Никак кто идёт... А, это ты, Анна Карловна, ты, графинюшка. — «Не помешаю, государыня? Камердинер сказал, не велели никого принять». — Разве для тебя такой приказ? Ты всегда гость желанный. Чего нового узнала? С чем пришла?
— Поверить невозможно, государыня. Невашин из Ораниенбаума приехал, таких чудес нарассказал, что Михайла Илларионович мой только руками развёл. Как такое быть имеет, в толк не возьмёт.
— Ты про что, Аннет?
— Как только великий князь с супругой своей богоданной уживаются! Он, сказывал Невашин, такой, прости меня, государыня, грубиян, будто самый последний что ни на есть неуч деревенский. Больше всего любит по паркетам сапогами необтёртыми, в грязи да воде, топать. Громко так, заливисто. А уж коли удастся грязью-то какую даму обдать, пятно ей на подоле поставить, от хохота чуть не на пол садится. Мало того, государыня, шутки солдатские, самые непристойные горазд отпускать. Любо ему, когда дамы, а особливо девицы от стыда огнём горят. Ещё к иной подойдёт, за подбородок подымет и требует, чтобы в глаза ему прямо смотрела, да чего посолонее добавит.
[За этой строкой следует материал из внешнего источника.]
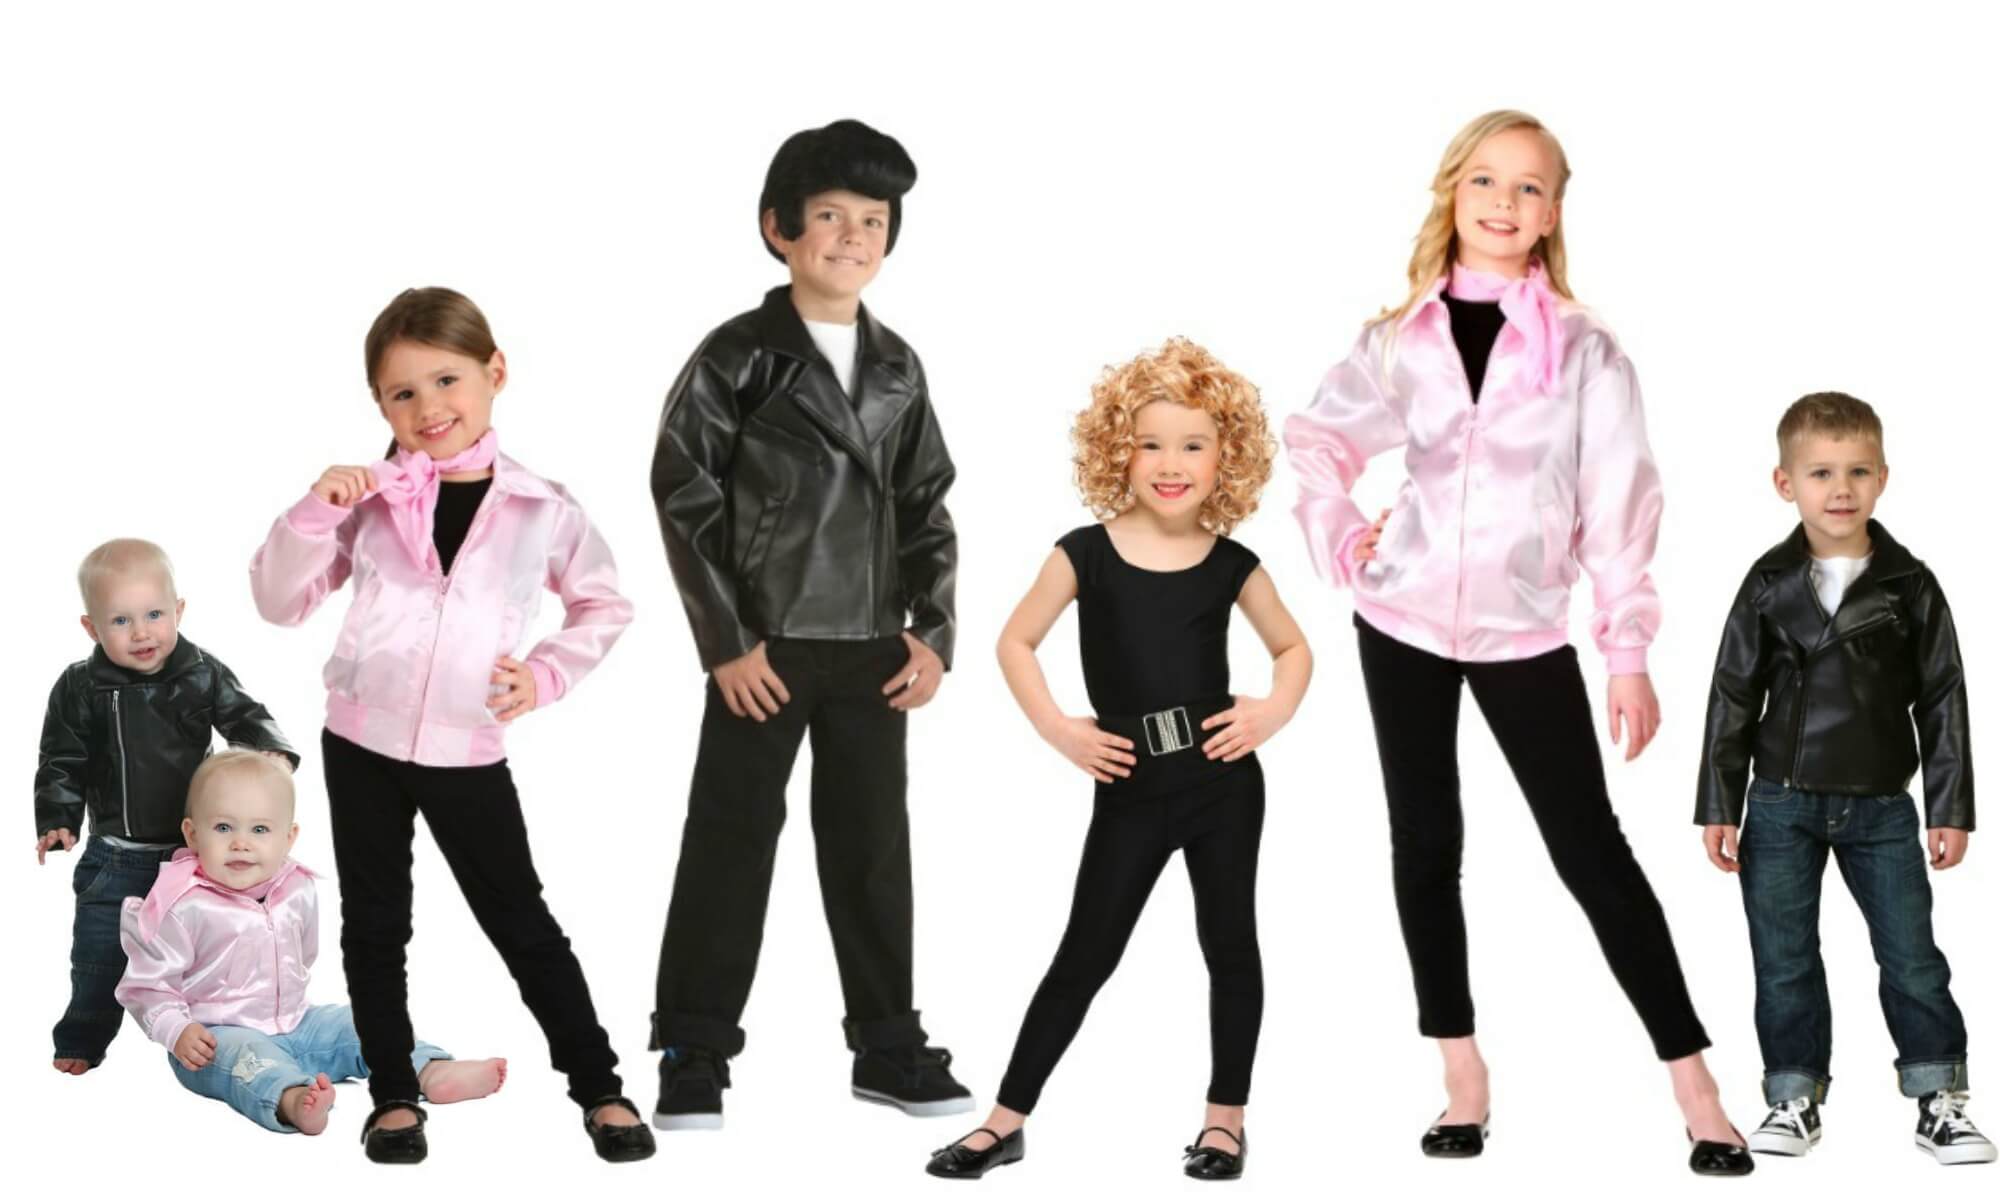 Grease costumes for kids

— Поздно теперь об этом толковать, Аннет, куда как поздно.
— Верно, государыня, но ведь не знать про то ваше величество тоже не может. Ежели послов каких к нему направить — Михайла Илларионович более всего боится — конфуз политический выйти может.
— А знаешь, Аннет, не был он таким. У нас ведь одичал. Спроси, с чего, никто не ответит.
— Полноте, государыня, что уж вы на ваш двор грешите. Здесь каждый политес знает. Это всё из-за прусаков проклятых. Им бы волю не давать. Совсем великого князя охомутали. Он уж и диалект российский с ними забывать стал — целыми днями по-немецки промеж себя стрекочут. Говорил Навашин, будто нет ему большей радости, как на плацу находиться, команды отдавать.
— Что поделать, манёвры — развлечение монархов. Тем более будущих. Даже мой батюшка им — было время — отдавался.
— Какие ж манёвры, государыня, все смотры да плац-парады. Не за ловкость да смекалку хвалит, а за выправку одну. За неё же и сечь велит безо всякого снисхождения.
— Постой, постой, Аннет, о каких ты прусаках толкуешь? Откуда они в Ораниенбауме-то набрались? Не из регулярного же войска?
— Мало в этих делах смыслю, государыня, а Михайла Илларионович иначе как сбродом их не называет. Все, говорит, беглые солдаты, булочники да башмачники.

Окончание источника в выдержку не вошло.